Dana bonds jump as company plans divestitures; Del, Polypipe price deals; funds see $255 million outflow

By Paul Deckelman and Paul A. Harris

New York , Oct. 20 - Dana Corp.'s bonds were seen having firmed smartly Thursday, as investors reacted to the Toledo, Ohio-based automotive components manufacturer's announcement that it plans to restructure its operations, including the closing of some factories and the sale of non-core assets.

That, in turn, sparked activity in the whole automotive sphere, although there wasn't much bond price movement, with Delphi Corp.'s bonds staying within a narrow range, and even Ford Motor Co.'s bonds not much changed, despite the auto giant's big third-quarter loss and its announcement that "significant" U.S. plant closings and layoffs lie ahead.

Outside of the autosphere, troubled Refco Inc.'s bonds were seen down four or five points on the day, and even further below the high levels they initially hit earlier in the week after news of the company's bankruptcy filing and planned sale of its futures unit.

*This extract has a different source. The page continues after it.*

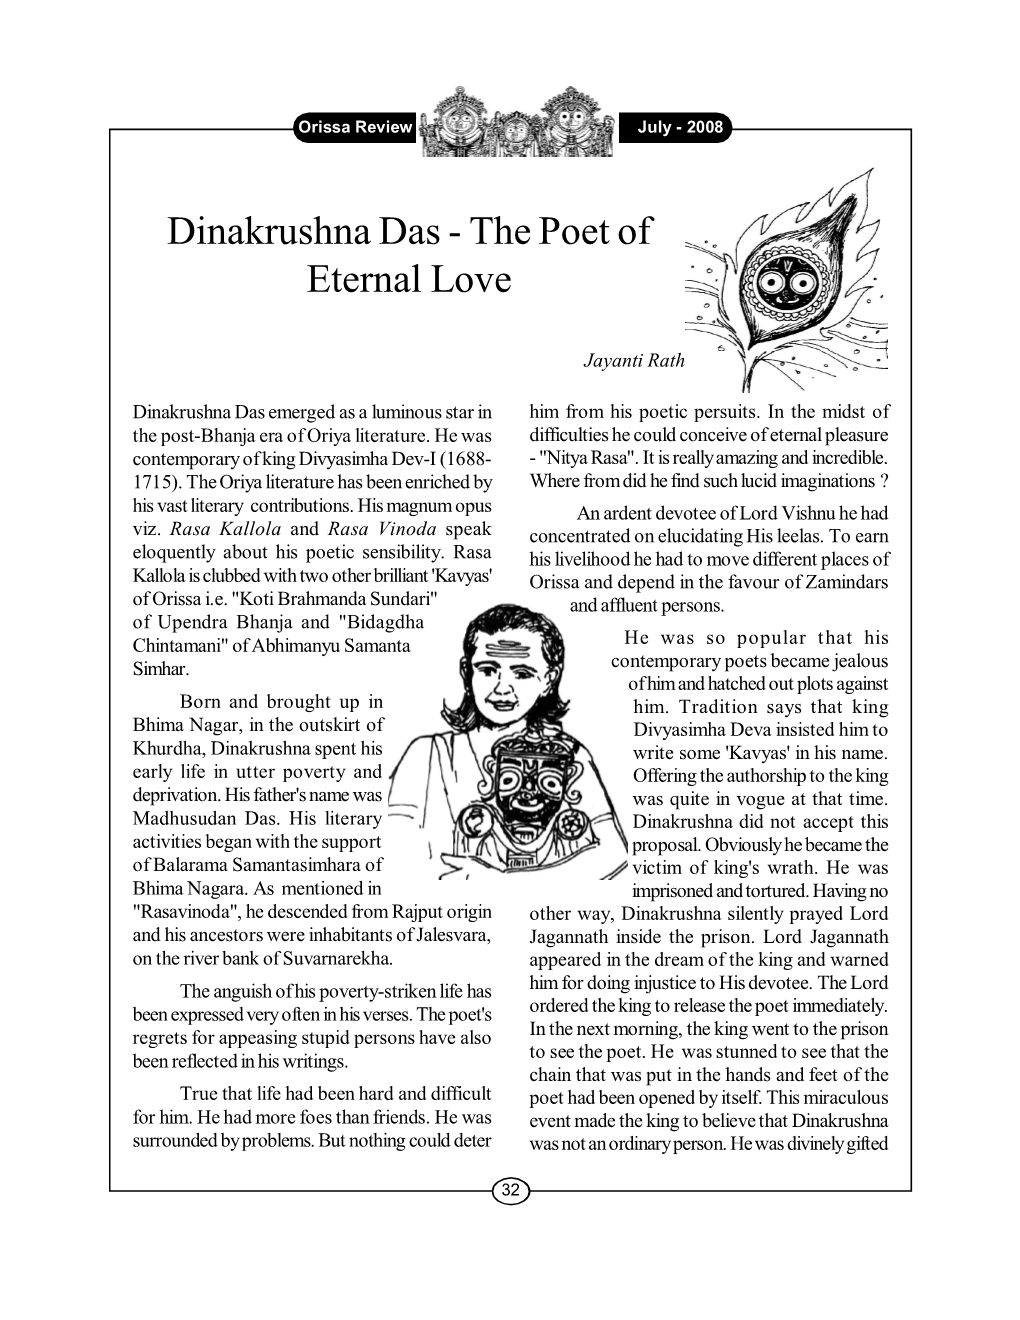 Dinakrushna Das - the Poet of Eternal Love

Overall the high-yield market traded flat with no conviction, according to a senior sell-side official.

Another sell-sider marked it flat to slightly negative.

In the primary arena, Del Laboratories Inc. successfully priced its six-year floating-rate note issue late in the session, syndicate sources said, while Pipe Holdings plc, a unit of Polypipe Inc., came to market with a sterling-denominated two-part offering.

And after the day's dealings had finished up, market participants familiar with the weekly junk bond mutual fund flow numbers compiled by AMG Data Services of Arcata, Calif. told Prospect News that $255.4 million more left those funds in the week ended Wednesday than came into them.

It was the sixth straight weekly outflow, following the $406.5 million hemorrhage seen in the previous week, ended Oct. 12; in that time, outflows have totaled approximately $2.533 billion, according to a Prospect News analysis of the AMG figures. Outflows have now been seen in seven weeks out of the last eight, and 13 weeks out of the past 15. During that latter time-frame net outflows have totaled about $3.406 billion - up from the previous week's $3.151 billion total, according to the Prospect News analysis.

For the year so far, outflows have now been seen in 33 weeks of the 42 since the start of the year, against only nine weekly inflows. Cumulative net outflows for the year total around $10.445 billion, according to the Prospect News analysis, up from $10.190 billion last week.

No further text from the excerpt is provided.